Microsoft is to extend support for Windows 7 - at a price - when the operating system reaches end of life (EOL) on 14 January 2020.
While that's in fewer than 500 days, Windows 7 still accounts for around 40 per cent of the world's desktop and laptop computers, many of them humming away in corporate and public-sector environments around the world.
For the first time, though, Microsoft has explicitly promised that it will carry on supporting Windows 7, but only for users willing to pay.
It followed the same policy with Windows XP, but those deals tended to be done behind closed doors, and organisations had more pressing security reasons for migrating from Windows XP, rather than dragging their feet.

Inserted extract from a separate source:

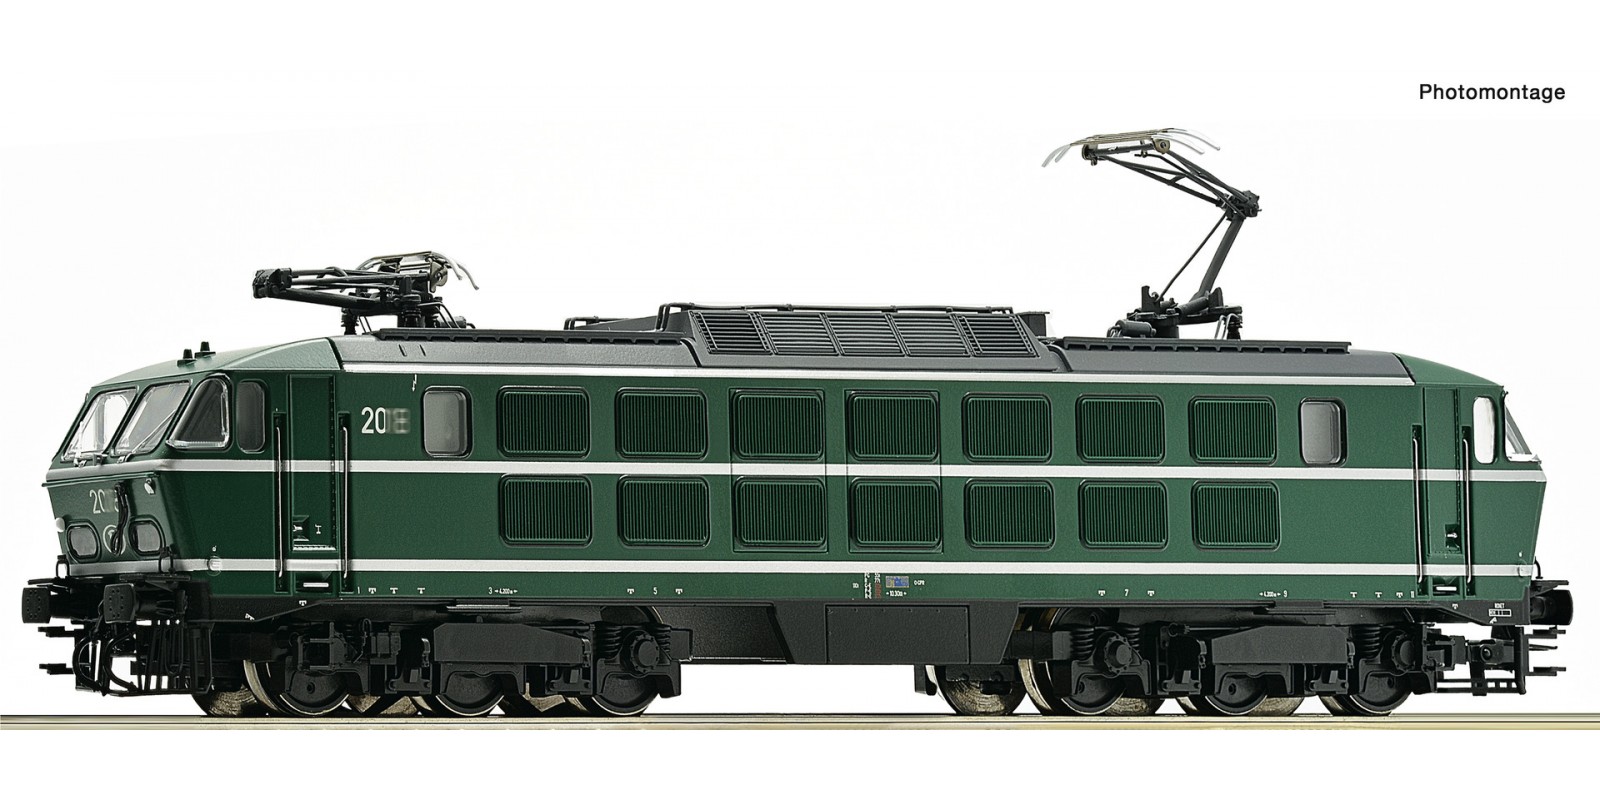 RO7520004 Electric locomotive Reeks 20, SNCB

Prices will vary depending on volume (charges are per machine), and will increase over time. So, by January 2023, when even this new form of extended-extended support end, organisations running Windows 7 could be paying a small fortune.
In a recent survey, it was found that well over half of companies had no plans to move to Windows 10.
Microsoft has not suggested that it has any plans to make businesses contractually obliged to show that they are working towards migration, as they did with Windows XP. By 2022, though, it may be that the fees are so high that it's actually worth more to Microsoft not to force upgrades.
It is understood that the UK government paid £5.5m in public money for a year of extended support for Windows XP, which didn't include vital services like the NHS - indicating how profitable extended-extended support could be for the software giant.